Looking for a wealthy heiress for his nephew Edmond, Talleyrand asked Tsar Alexander I of Russia to intervene with Dorothea's mother in favor of Edmond's marrying her. The marriage occurred on 21 and 22 April 1809 at Frankfurt amidst the Napoleonic Wars, presided over by Talleyrand's friend, Prince-Bishop Emmerich Joseph, duc de Dalberg, and Dorothea thus became comtesse Edmond de Périgord and great-niece of Charles-Maurice de Talleyrand-Périgord, prince of Bénévent. Educated in Germany, she was plunged into French society, where she represented the enemy. Her three sisters, also very anti-French, did not help her marriage and despite the birth of three children, it became unhappy, with Edmond more concerned with gaming, war and other women than with his wife.
The fall of the First French Empire and the Congress of Vienna (at which Talleyrand was designated to represent France) favoured an affair between Dorothea and Talleyrand. During his time in Vienna she kept her household in the Palais Kaunitz and it was at this time that Dorothea began to play a major part in Charles-Maurice's life, accompanying him to the Congress of Vienna and probably becoming his mistress sometime after 1815. On 31 August 1817, Talleyrand was made a duke and peer of France by Louis XVIII of France, and on 2 December was also granted the duchy of Dino (a 1.5 km by 1.2 km Calabrian island) by the king of Sicily in recognition of his services at Vienna. The duchy of Dino was immediately handed down to his nephew and his wife and so Dorothea also became duchess of Dino. On 24 March 1818 she and her husband separated, though this was only pronounced formally on 6 November 1824.
On 3 July 1820 Talleyrand left Paris for Valençay accompanied by Dorothea, then pregnant with her third child, Pauline, whose paternity is sometimes attributed to Talleyrand. Despite his company (39 years her senior) she took several lovers, gaining a reputation as a formidable seductress and bearing three illegitimate daughters (one of whom, born in 1816, was perhaps Bozena Nemcova, the great Czech writer, fathered by Clam Martinic, her lover at the Congress of Vienna; the two others, Antonine and Julie Zulmé, were born in 1825 and 1827).
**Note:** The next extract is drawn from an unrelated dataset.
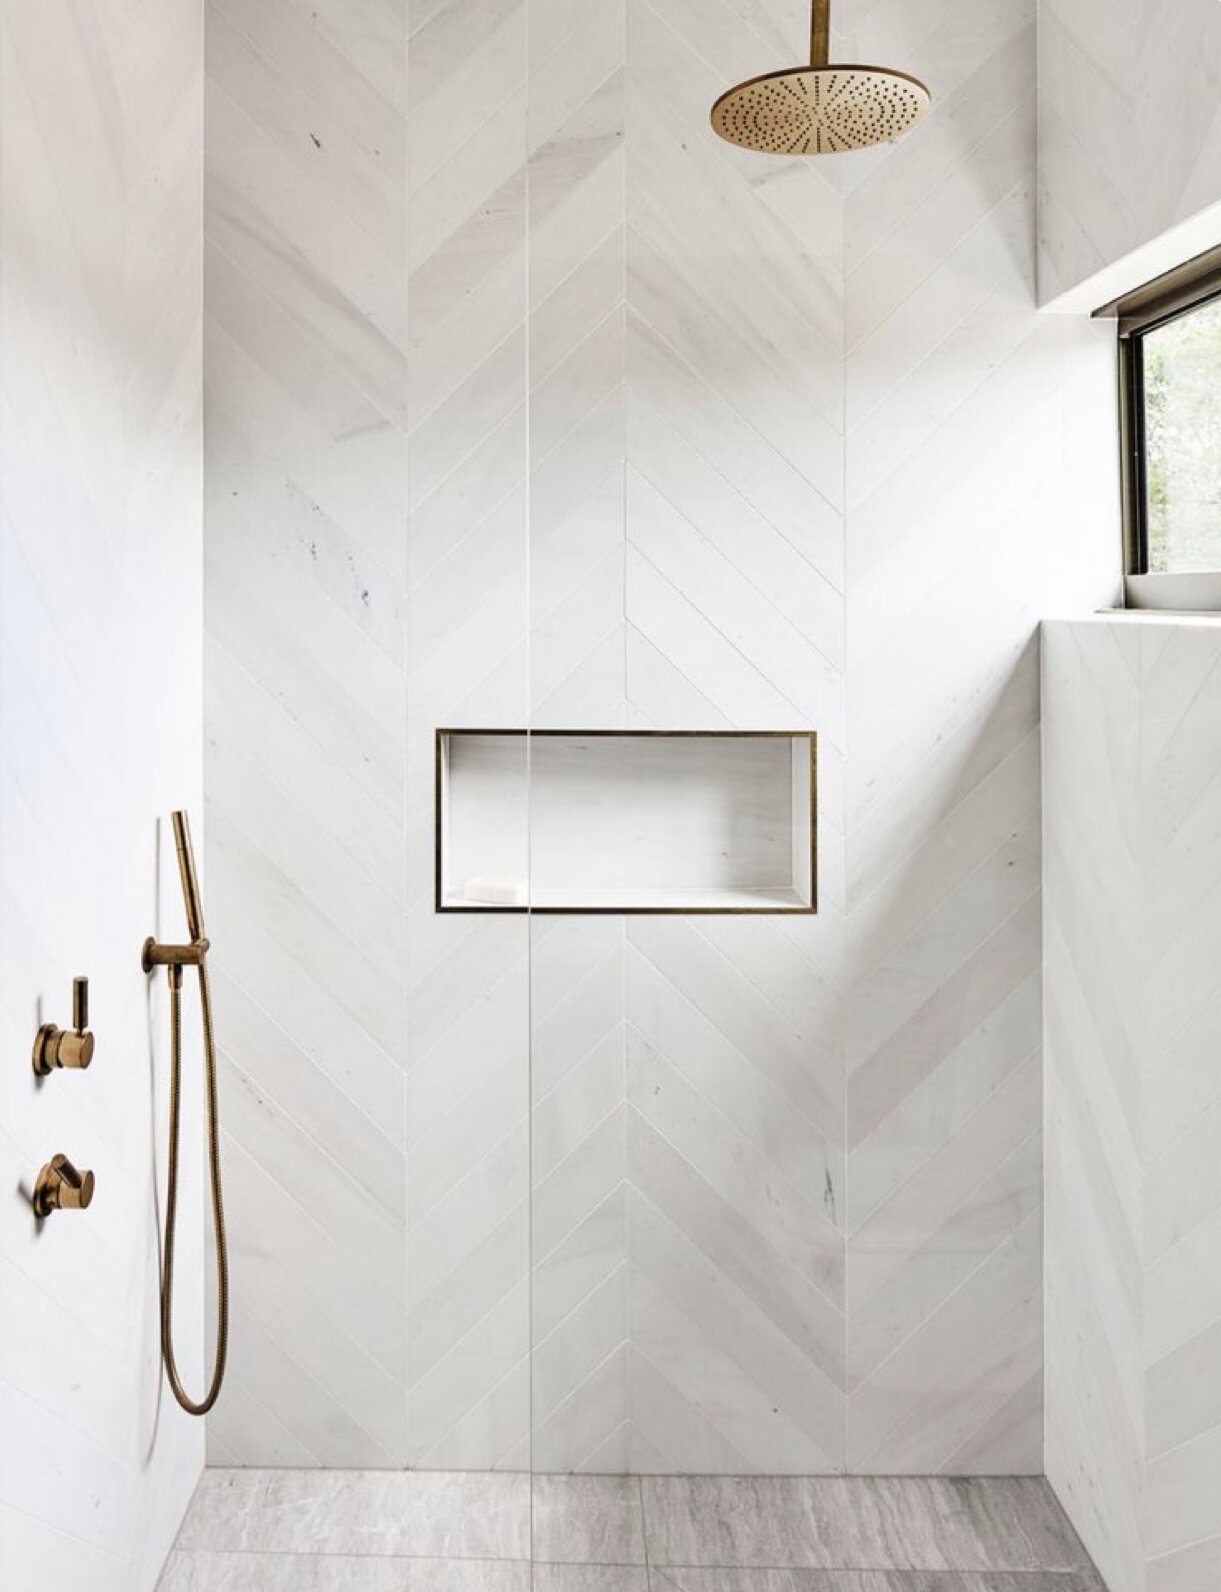 white tiles in the shower, laid in a chevron pattern

She became duchess of Talleyrand on 28 April 1838. On 6 (or 8) January 1845, the king of Prussia invested Dorothea as duchess of Sagan (with the special privilege of the dukedom being able to descend via the female as well as the male line), with her son Louis-Napoléon, godson of Napoleon and Louis-Napoléon's grandson Boson de Talleyrand-Périgord immediately taking the title of prince of Sagan.
When Talleyrand became French ambassador in London in 1830, she accompanied him and felt more comfortable there than in Paris, which she detested and where the whole Faubourg Saint-Germain made her feel she was a foreigner. This was a theme throughout her life: in Prussia she was seen as too French, in Paris as too German.
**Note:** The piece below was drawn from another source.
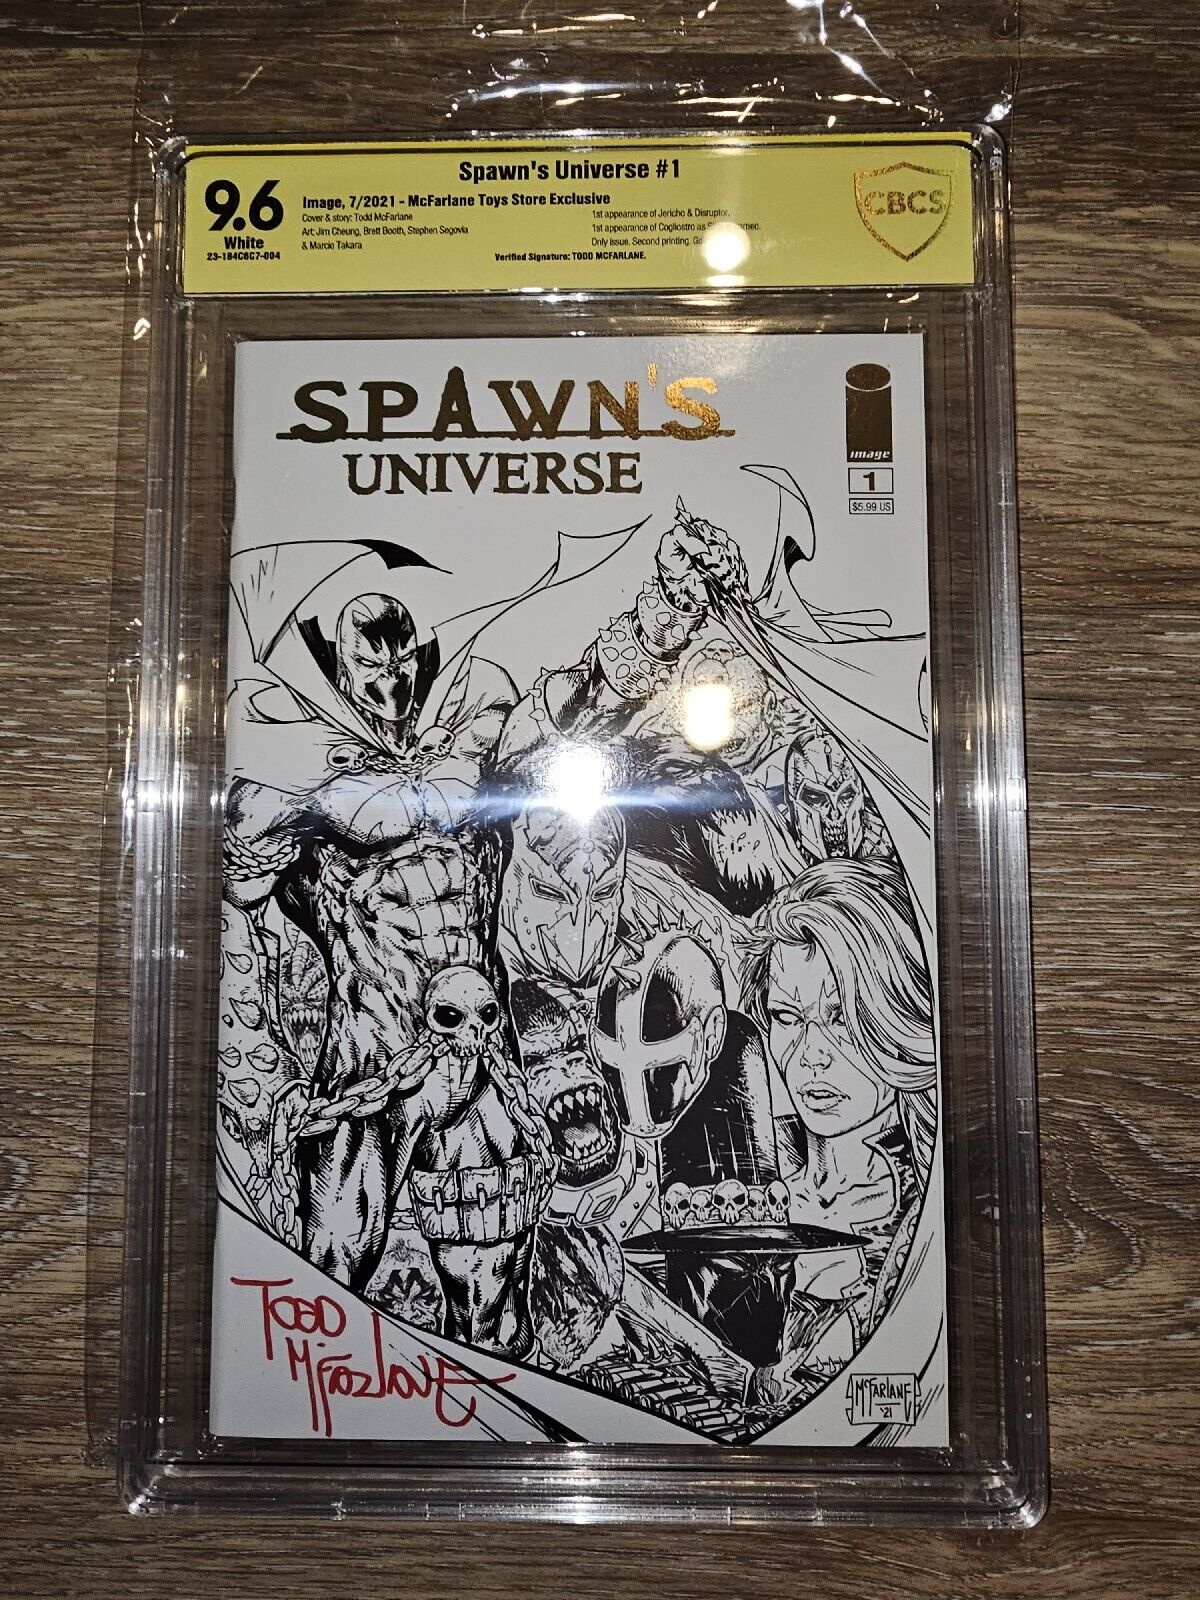 Spawn's Universe #1 Todd McFarlane Signed CBCS 9.6 Toy Store Gold Foil

After Talleyrand's death in 1838, she granted her château de Rochecotte to her daughter Pauline de Castellane in 1847, having chosen in 1843 to live in state at her castle at Sagan in Silesia (made up of 130 buildings on an estate of 1,200 hectares, bought by her father and then by her sister Pauline de Hohenzollern). She reigned over this immense and rich duchy alone, until she had a carriage accident in June 1861 and died on 19 September 1862 at Sagan.
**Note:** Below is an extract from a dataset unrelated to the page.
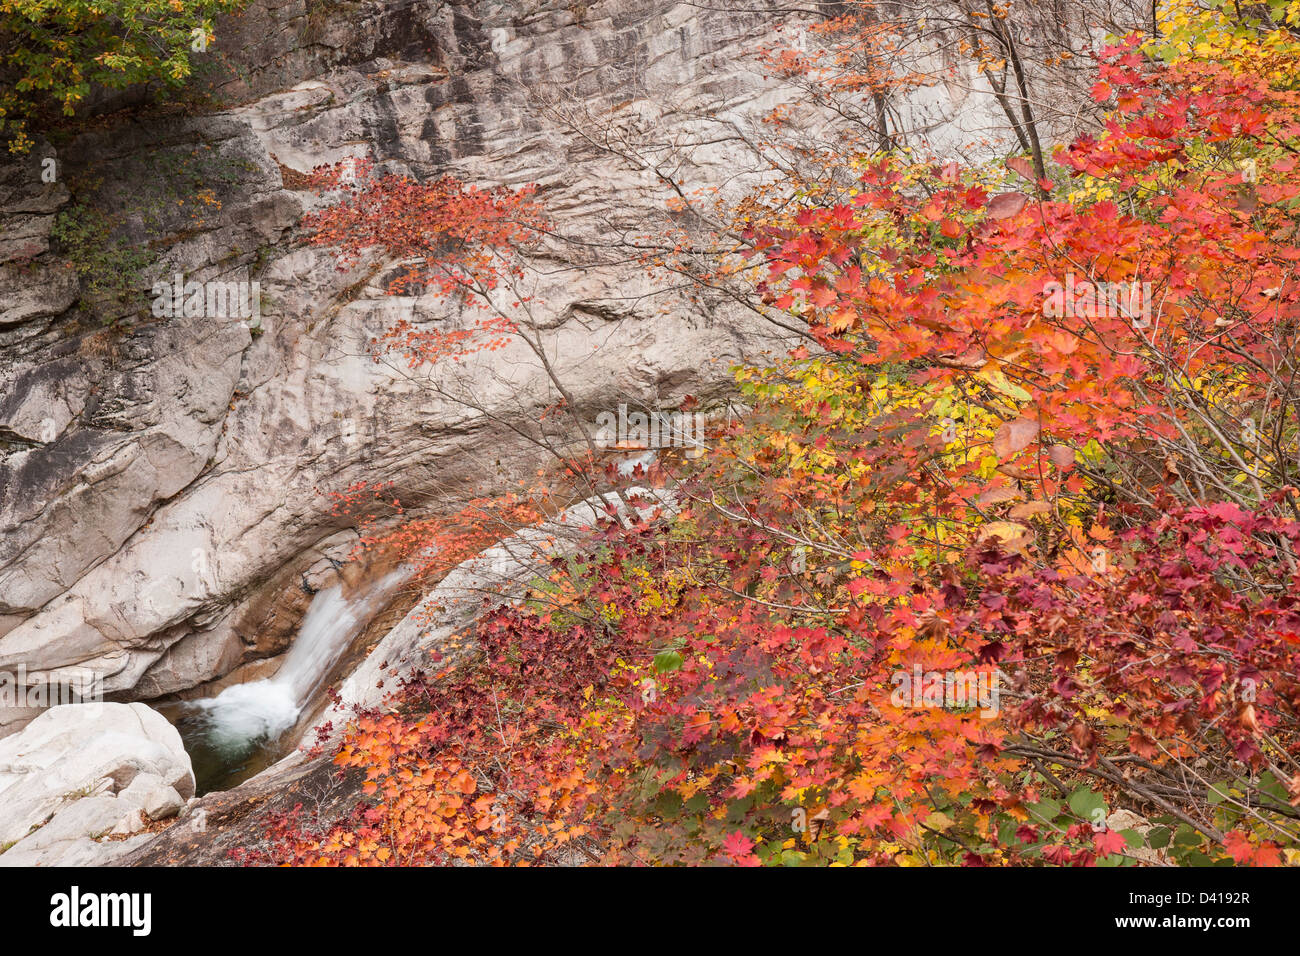 Cheonbul-dong Valley stream and Autumn colors, Seoraksan National Park, South Korea Stock Photo

Despite the wish she had expressed to her uncle and probable lover Talleyrand in a letter of April 1838 and in her will, that her heart should be placed in his grave at Valencay, she was buried in the Kreuzkirche at Sagan, with her sister Wilhelmine and son Louis.
The young writer Françoise Quoirez (1935–2004), in reading a passage of Marcel Proust evoking a duke of Sagan around 1950, was seduced by its sonority and chose "Sagan" as her "nom de plume".
“(..) With large dark blue eyes, very beautiful, so burning that they appeared black to some people. There was in her something bold, wild, dauntless and burning one which held the gaze". (Casimir Ensconce, "Talleyrand amoureux", edition France-Empire, 1975).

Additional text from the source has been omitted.